100% Digital Appeals
Even after choosing to appeal a claim or send a medical record, the process of building an appeal letter, filling out a payer form, and then submitting it back to the various payers is extremely time consuming. Some teams report that it takes 35 minutes per claim!
Finding the right language to best appeal the denial is challenging on its own. What worked and what didn’t work — and why? Billing agents are often left to themselves to figure this out. From there, actually submitting the appeal via postal mail, fax, or payer portal is both time consuming, costly, and often requires a different team to touch the appeal.
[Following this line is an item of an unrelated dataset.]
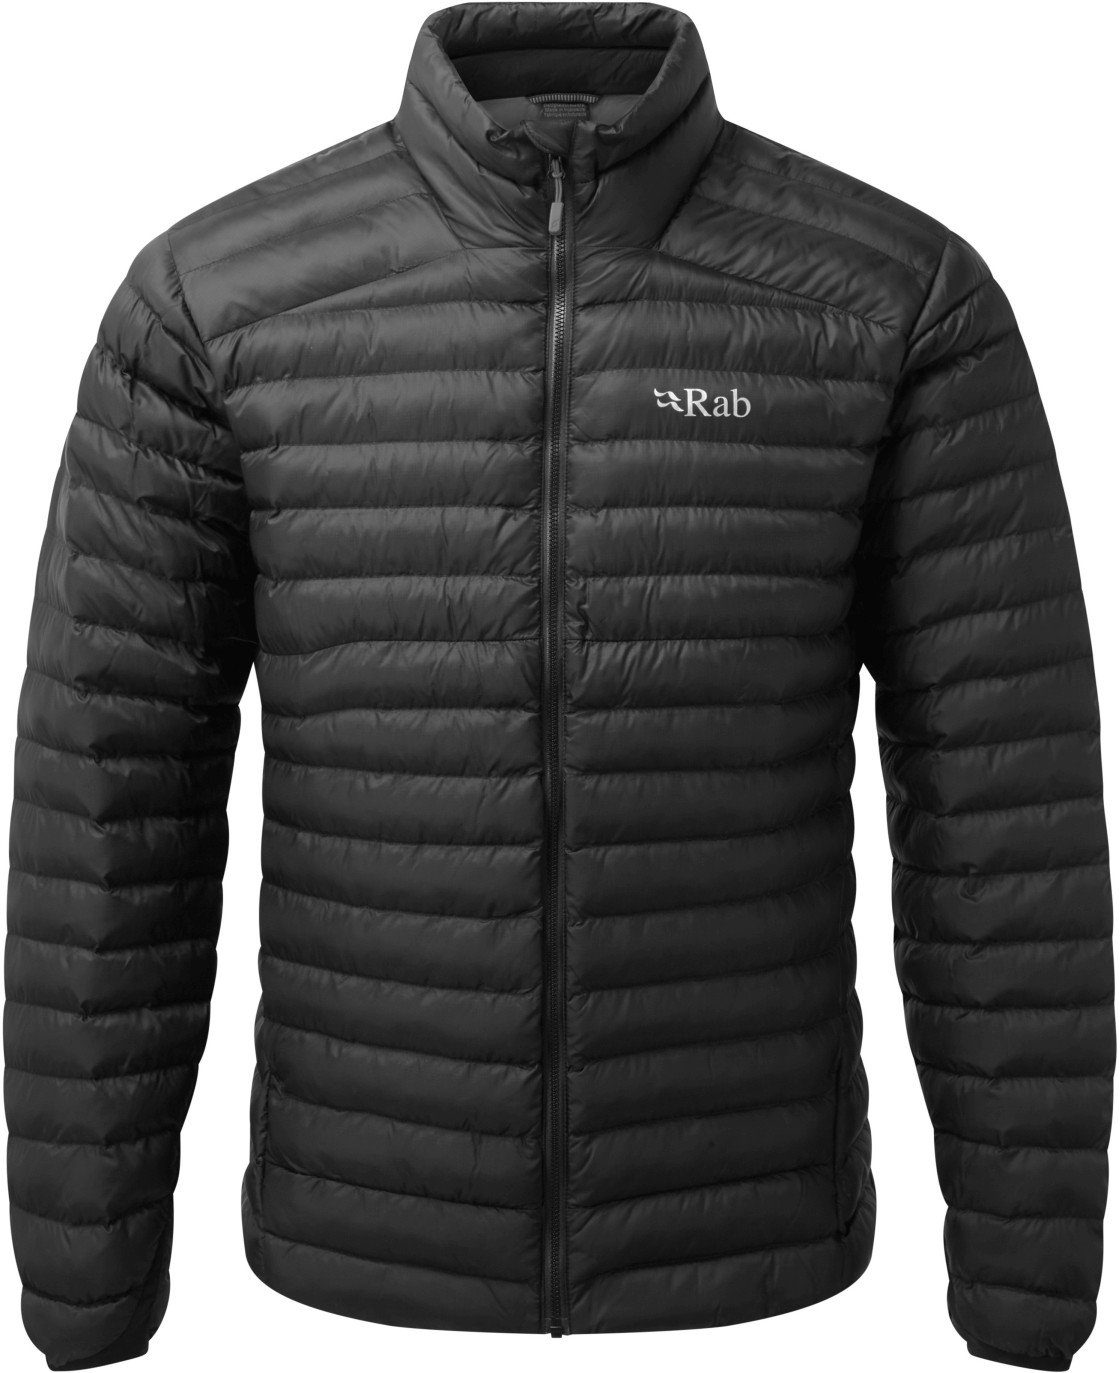 Cirrus Jacket Winterjacke Rab black

Having a solution that turns this entire build and submission into a single, digital process for all denial types and payers is the only way to solve this major pain.
Team Performance Tracking
Without a digital A/R follow tool, described above, billing team managers are left to track their team’s performance through the use of onerous spreadsheets and difficult to assess reports. Managers rely on their team members to train each other and report back any difficulties they might be experiencing. This leads to real gaps in performance assessment and, ultimately, the ability to help their teams succeed.
Having a digital A/R solution fixes that. The need for a real-time dashboard that provides these KPIs, along with real-time alerts related to individual agent performance, is the way forward.
Real-Time Denial Trends AND Alerts
Finally, as mentioned earlier, denials happen in patterns. The challenge is, those patterns vary by payer, provider, region, and specialty. And they change over time too! So, these patterns are difficult to track manually. Each pattern change has immediate downstream effects that can lead all the way back to the providers themselves, with annoying code corrections and medical records requests.
A modern A/R solution that is dedicated to sharing these patterns via a real-time dashboard is the key. Not just a static dashboard with denial statistics, but in-app and email alerts that indicate an important change in a pattern. That aspect is especially important, because all billing agents are extremely busy and are bogged down by task after task. A smart platform that informs you of the most important information without any effort from you is required.
This is an exciting time for provider billing teams. At DocVocate, our team is passionate about helping provider billing teams. We’ve spent considerable time thoughtfully building our platform, Appealio, just for you. New tools are on the way to help!